Government is formed, if Australians have voted for a Labor industrial relations policy the I would be calling on Senators of whatever political flavour to abide by and respect that mandate. The Australian people would have spoken and I

would be saying that their voice should be respected.

JOURNALIST: How long will the, how long will the [inaudible] go on that you can’t answer today fundamental, fundamental aspects of your policy about AWAs, whether or not you will be able to get out of them if you are on them if

you think they are unfair the lawyers and the voters uncertain as to, if they vote for you, if they can get out of their AWA or not when are you going to be able to answer that question?

JULIA GILLARD: Ok, let’s just remind ourselves of some history. Mr Howard didn’t breathe a word of his plans for extreme industrial relations laws before the last election. He didn’t tell Australians the truth; he hasn’t been telling them the

truth since. The $55 million of taxpayer funded advertisements didn’t tell them the truth and the advertisements going to air this weekend won’t tell them the truth either. In stark contrast Labor has published a substantive industrial

relations policy called Forward with Fairness. That policy is about a fair, flexible and balanced industrial relations system. Mr Howard has gone too far, we want to restore balance in Australian workplaces. We have said we are continuing to consult on the arrangements about transitional provisions from Australian Workplace Agreements. That consultation will take several weeks. But what that means is by the time of the next election, even by the earliest possible date for the next election every Australian will be in a position to know exactly what Labor’s industrial relations laws, including the transitional provisions about Australian Workplace Agreements, mean for them. That is a different standard than the Howard Government ever applied to it self, when it kept Australians in the dark. WorkChoices was the product of deceit before the last election, the Government has deceitfully advertised for it and we are going to see more of that on display this weekend.

JOURNALIST: Do you think for the Opposition unable to say that you are making it up as you are going along you can’t answer something as fundamental you say that is a substantial industrial relations policy [inaudible] some of these key issues before announcing it?

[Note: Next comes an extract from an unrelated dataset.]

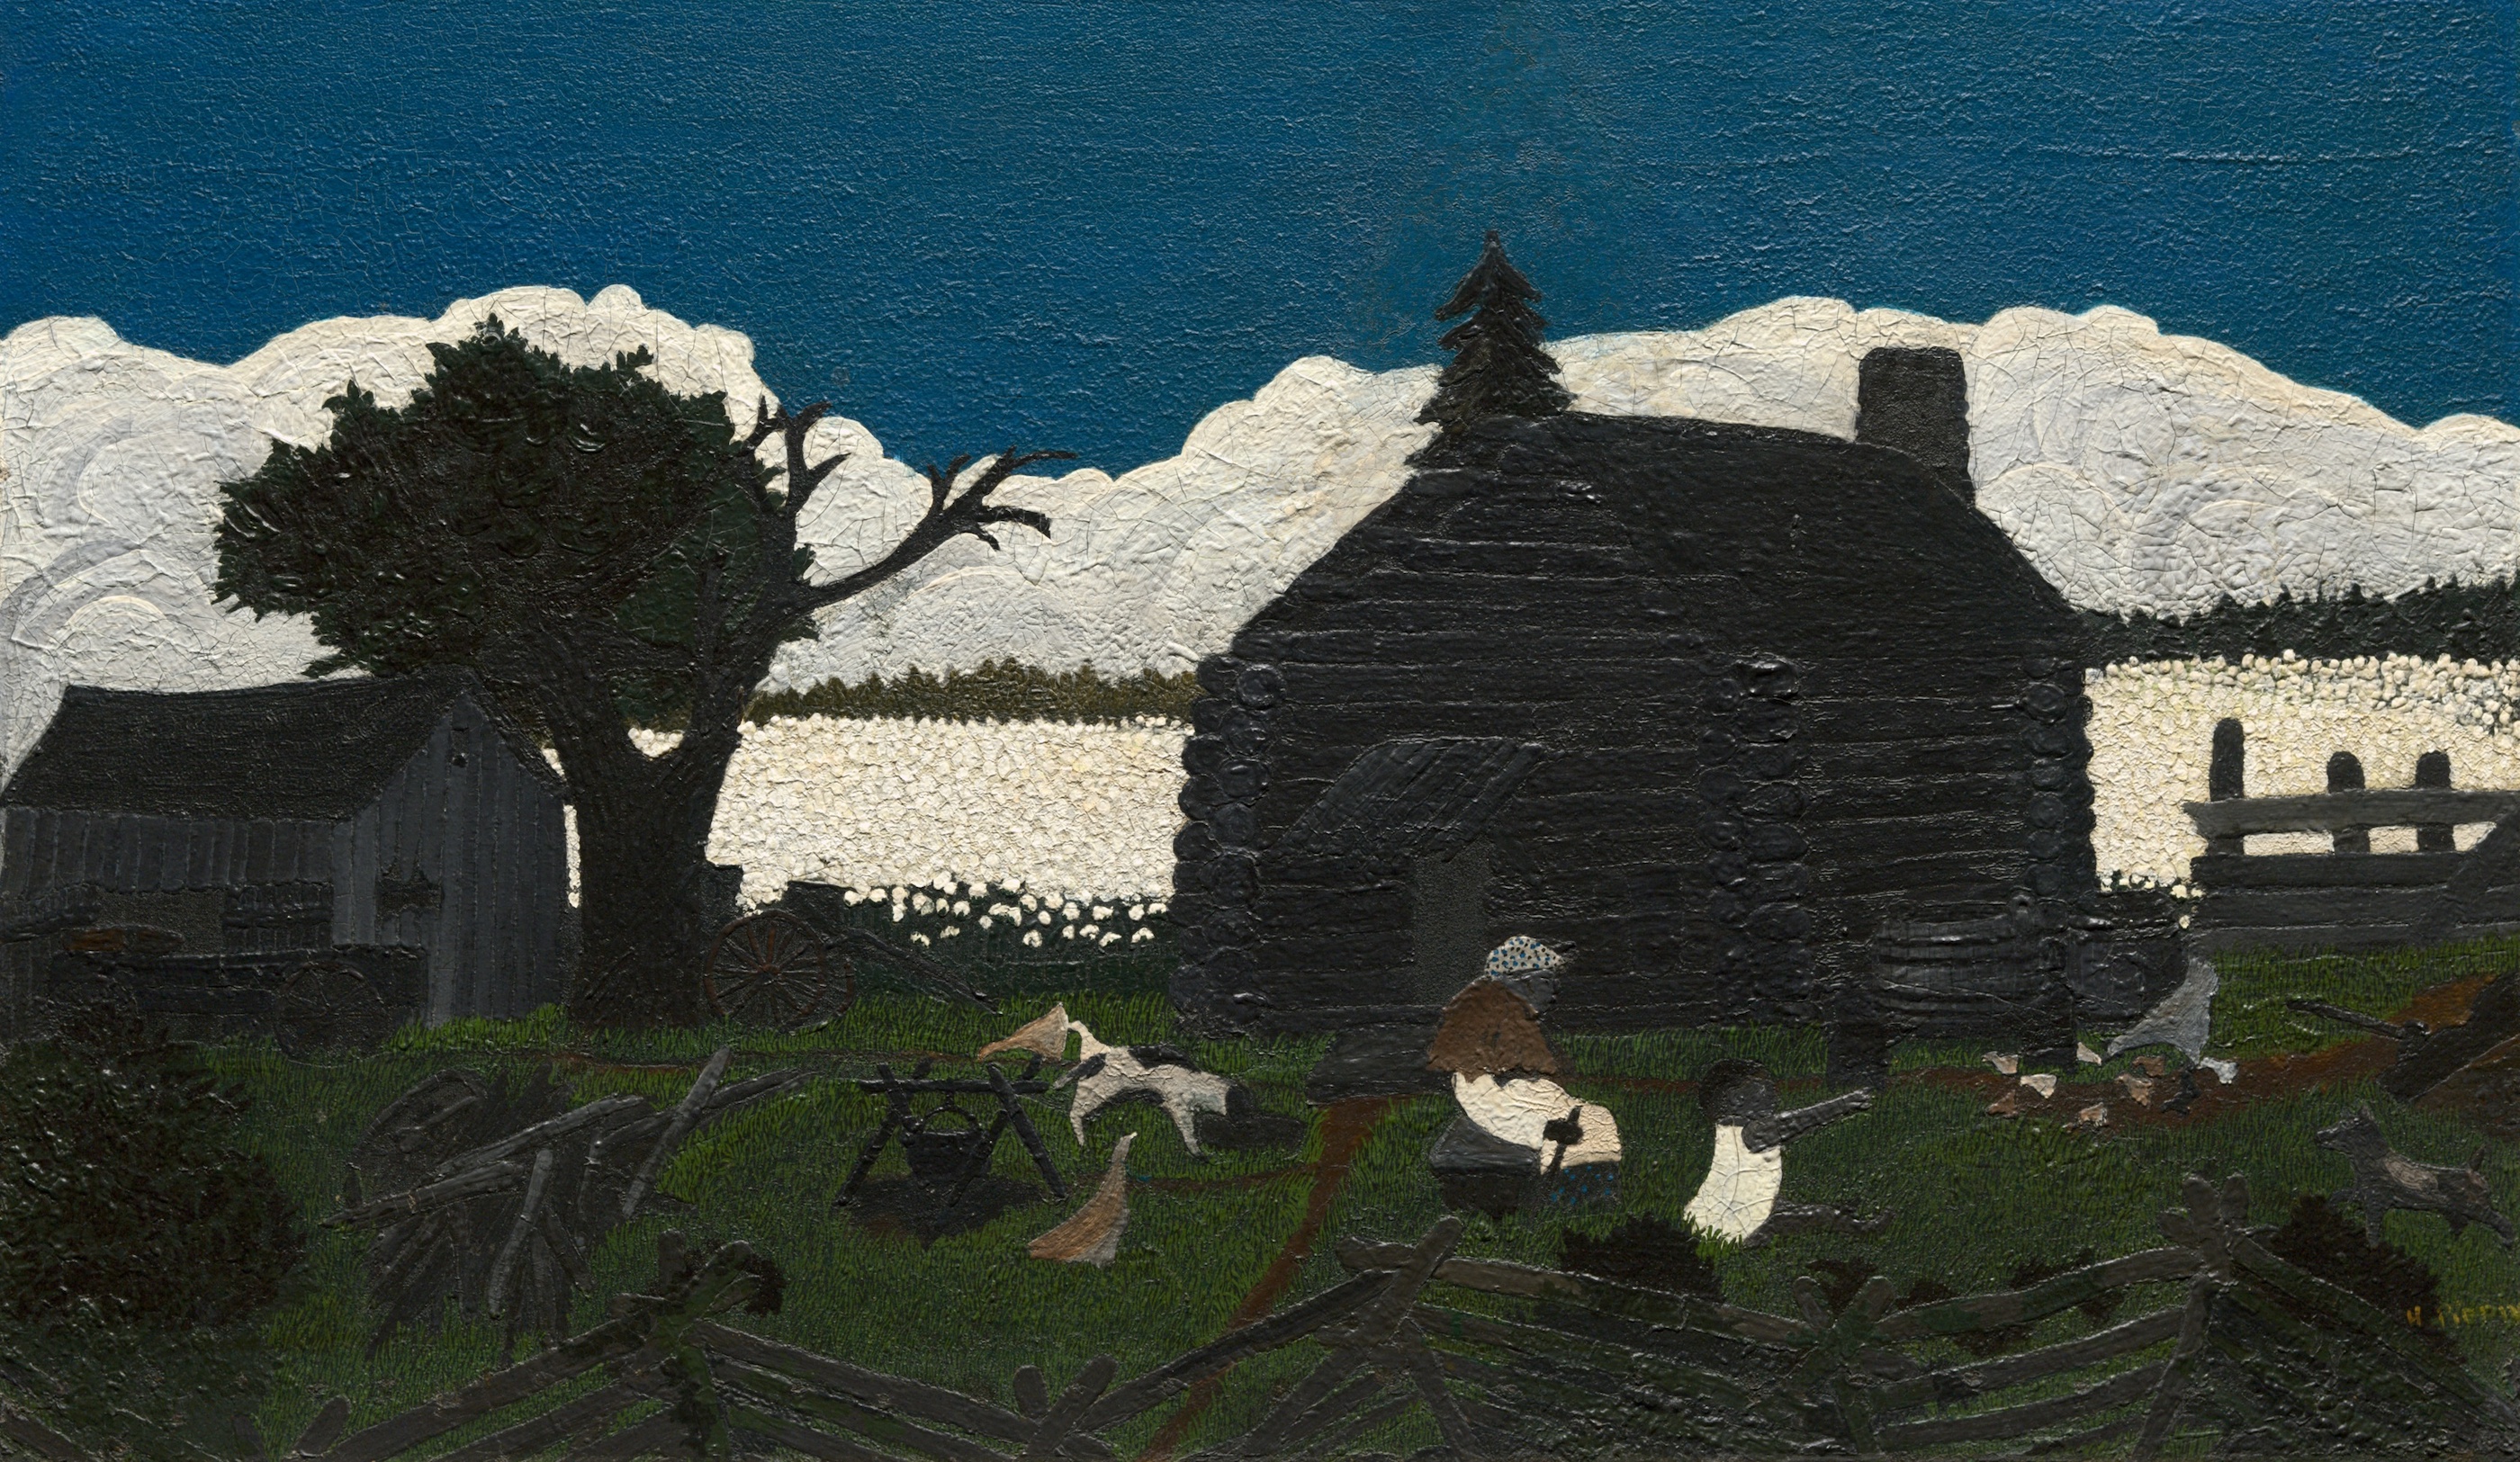 綿畑の小屋 by Horace Pippin - 1931〜1937年頃 - 51 × 85 cm

JULIA GILLARD: We have made this process perfectly clear. Our job is to make sure, that on Election Day, when Australians walk into polling places around the country; they know what they are voting for. And Labor will make sure that they know what they are voting for and certainly on industrial relations we will have published full details of every aspect of our industrial relations policy. Mr Howard didn’t show Australians that simple respect at the last election, he is not

showing Australians that simple respect now because what he is going to do is claw their money out of their purses, their wallets to fund his party political propaganda campaign and it is starting this weekend.